Thank you so much for such an informative little article. The question came up in our college band “What makes a perfect interval perfect?” You’re article was spot on, thanks!

So glad to hear this was helpful! Thanks for all the kind words and feedback 🙂

Wang Yandong

Hi Teresa, I love your website. This is really useful. Thank you!

Robyn Troncoso

Thank you for a concise explanation of the perfect interval in your article. The topic came up in a piano lesson with a student

Rowan Hill

I really like this website for the demystifying and easy to follow explanations.
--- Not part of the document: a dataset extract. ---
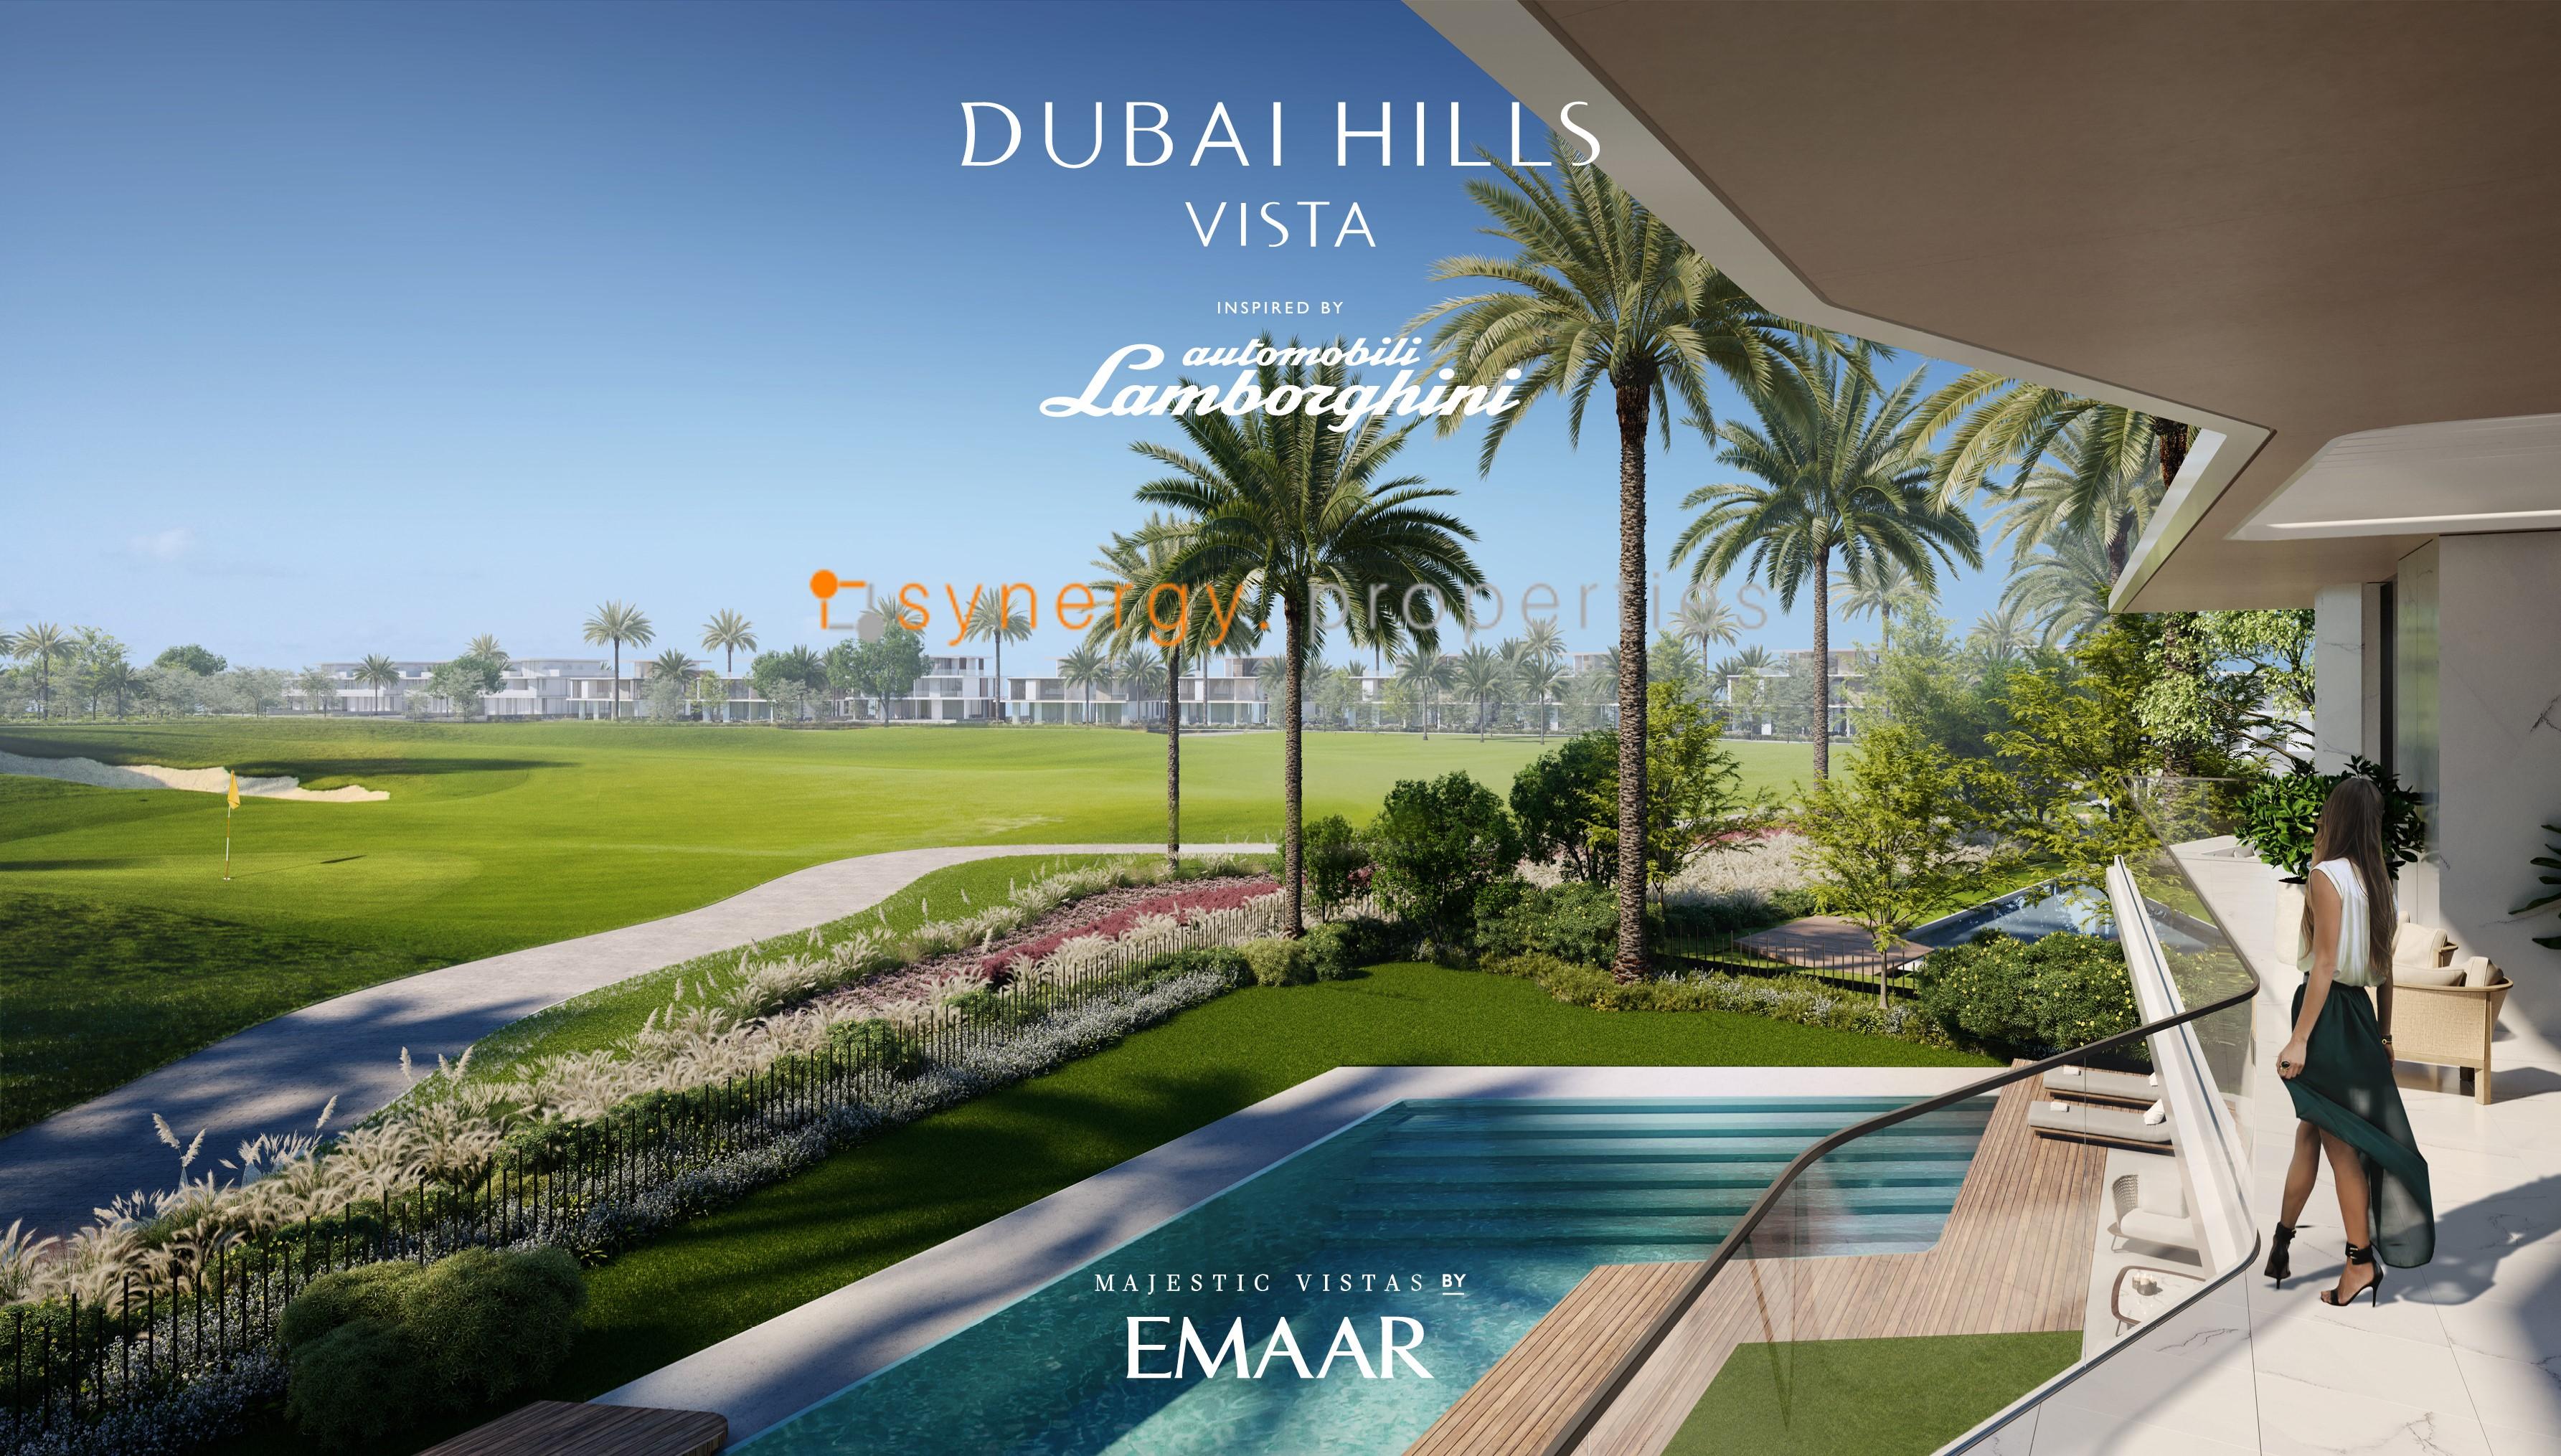 Dubai Hills Vista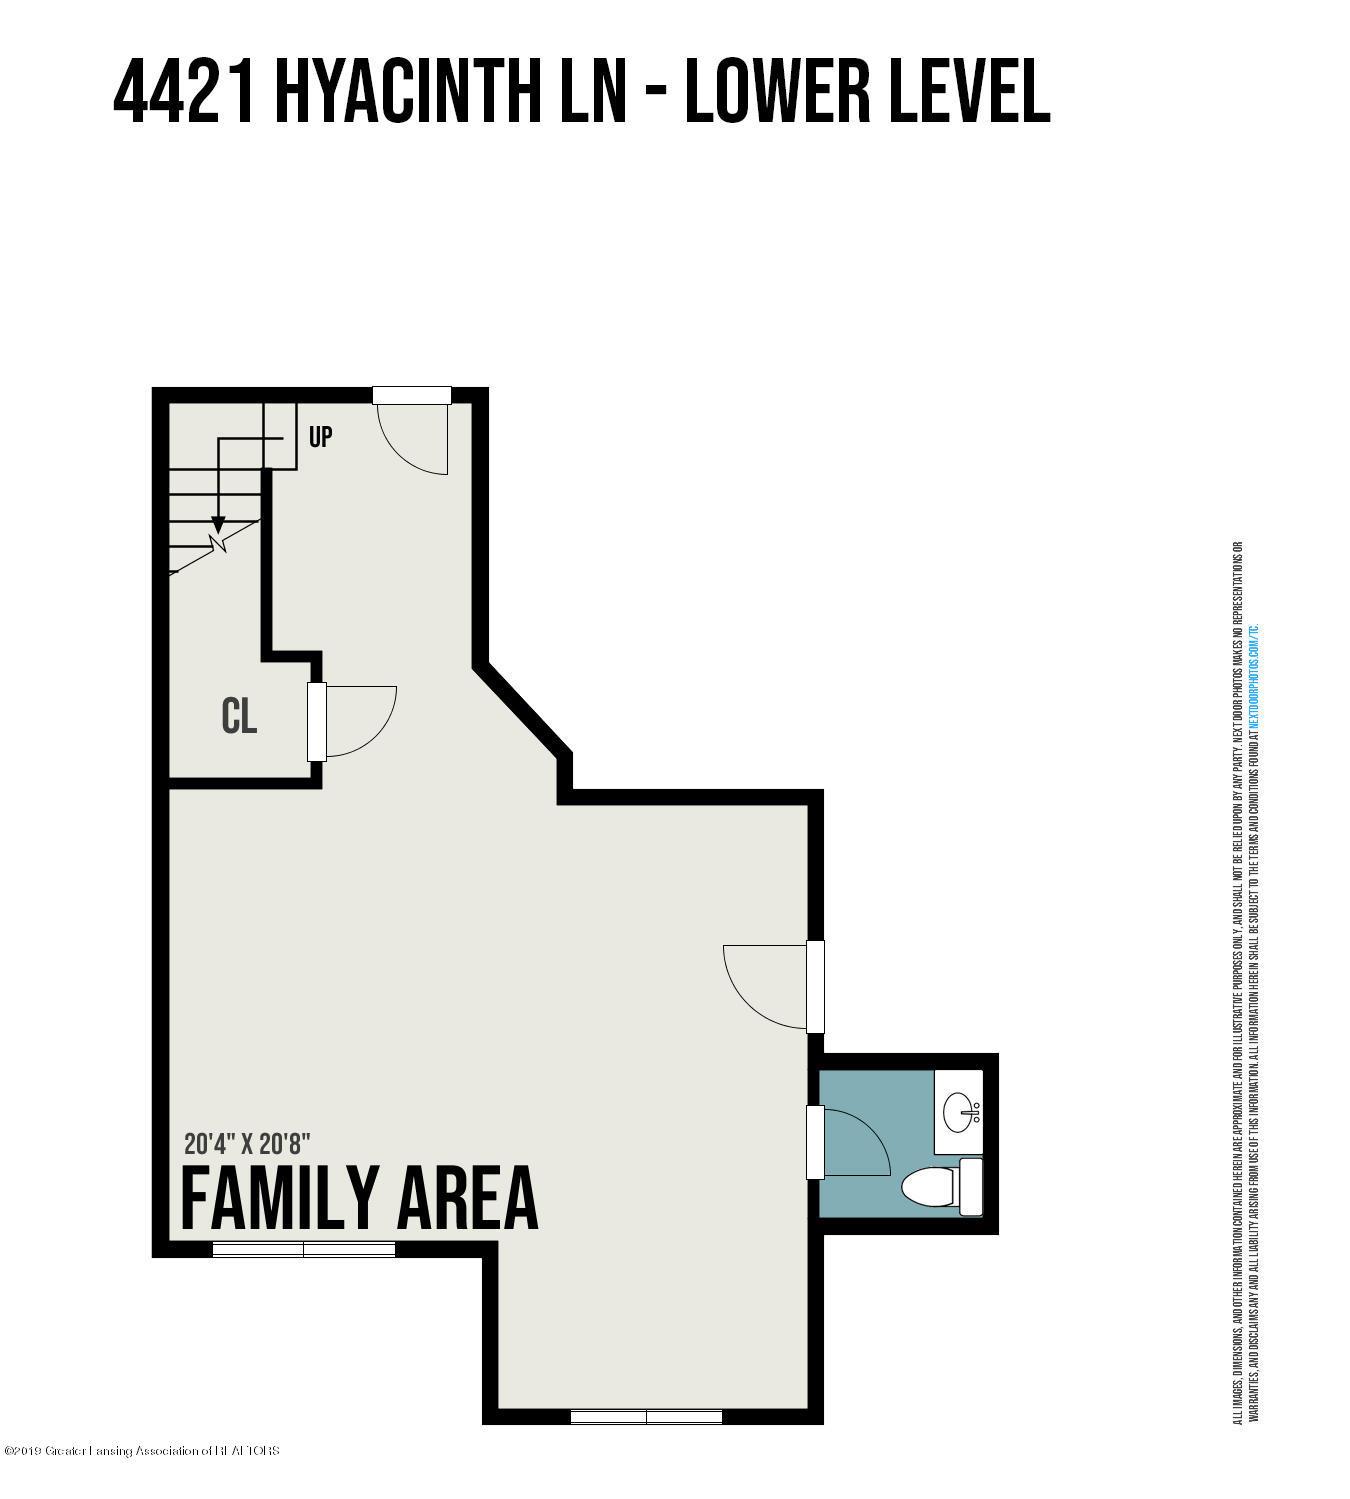 4421 Hyacinth Ln - Lower Level - 20

I was intrigued by these ‘perfect’ intervals and, being a boring accountant, looked at the maths of the tone vibrations. The perfect octave of concert A (440Hz) rings at 880Hz – exactly two vibrations for every one vibration of the root tone. The perfect fourth rings at very close to 587Hz – one and one third vibrations for every one of the root tone. And the perfect fifth rings at very close to 660Hz – one and one half vibrations for every one of the root tone. I think when our ears hear these perfect intervals our brains neatly slot the faster vibrations in between the slower ones, tidily filling up the gaps, like completing a jigsaw. None of the other intervals have anywhere near such tidy ratios to the root tone, so they jar to some degree, like a jigsaw with missing (or extra) pieces.

Mathematically this all makes ‘perfect’ sense to me. Still battling with the piano though!

Thanks for this great musical resource.

Jon Forrest

You say “To define an interval, they are called unison, 2nd, 3rd, 4th, 5th, 6th, or 8th (octave).” but you show a staff that contains a 7th. What happened to the 7th in the sentence I quoted?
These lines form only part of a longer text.